Risk-Adjusted Performance

Solid

 
Weak
 
Strong
Compared to the overall equity markets, risk-adjusted returns on investments in Storytel AB are ranked lower than 22 (%) of all global equities and portfolios over the last 90 days. Despite somewhat uncertain basic indicators, Storytel sustained solid returns over the last few months and may actually be approaching a breakup point.

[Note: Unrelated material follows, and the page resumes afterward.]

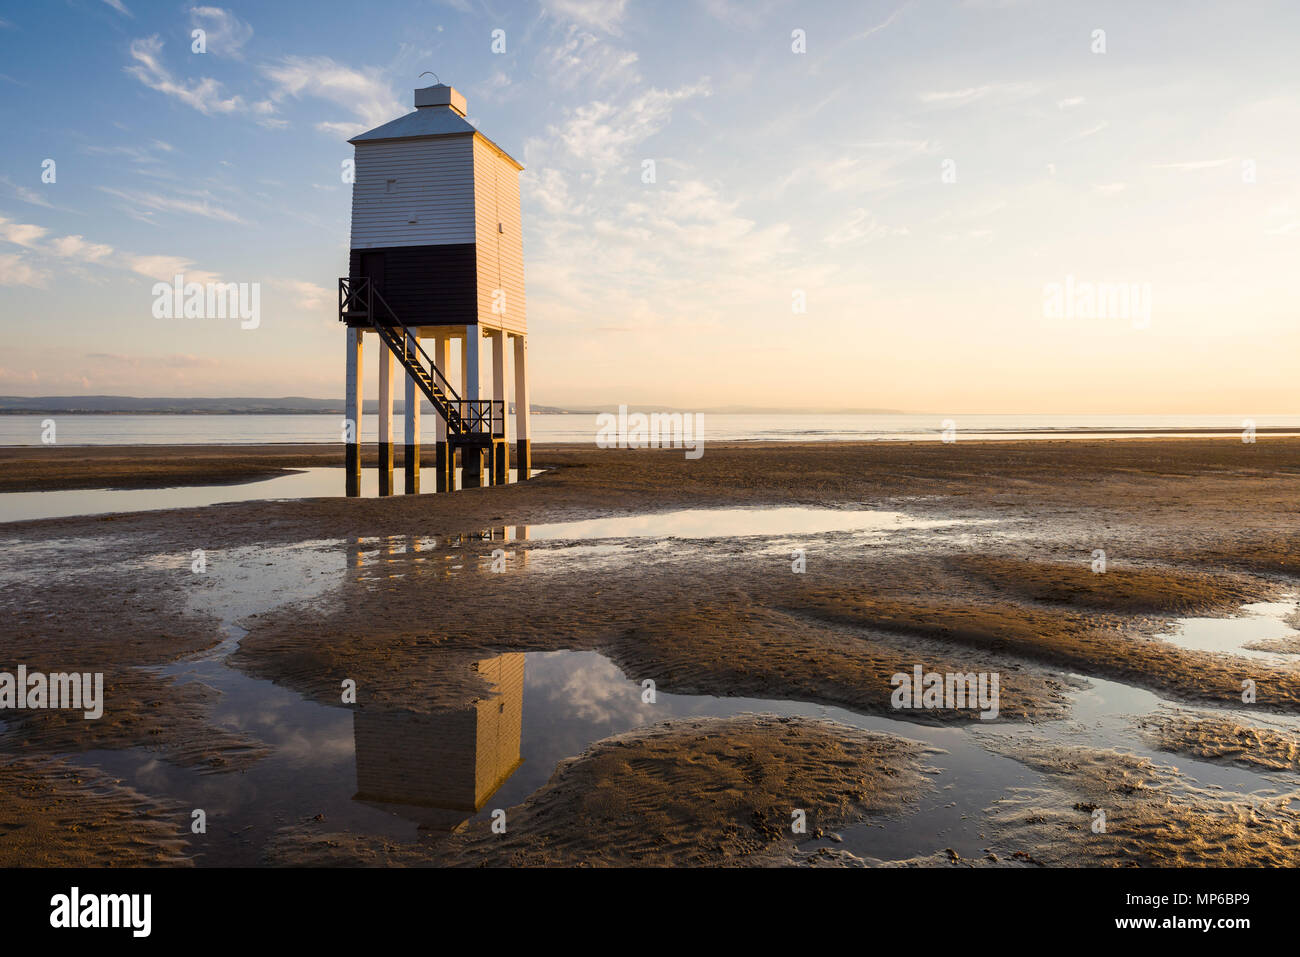 The Low Lighthouse on the beach at Burnham-on-Sea overlooking Bridgwater Bay. Somerset, England. Stock Photo

Smart Eye and Storytel Volatility Contrast

   Predicted Return Density   
       Returns  

Pair Trading with Smart Eye and Storytel

The main advantage of trading using opposite Smart Eye and Storytel positions is that it hedges away some unsystematic risk. Because of two separate transactions, even if Smart Eye position performs unexpectedly, Storytel can make up some of the losses. Pair trading also minimizes risk from directional movements in the market. For example, if an entire industry or sector drops because of unexpected headlines, the short position in Storytel will offset losses from the drop in Storytel's long position.
The idea behind Smart Eye AB and Storytel AB pairs trading is to make the combined position market-neutral, meaning the overall market's direction will not affect its win or loss (or potential downside or upside). This can be achieved by designing a pairs trade with two highly correlated stocks or equities that operate in a similar space or sector, making it possible to obtain profits through simple and relatively low-risk investment.
Check out your portfolio center.
Note that this page's information should be used as a complementary analysis to find the right mix of equity instruments to add to your existing portfolios or create a brand new portfolio. You can also try the Alpha Finder module to use alpha and beta coefficients to find investment opportunities after accounting for the risk.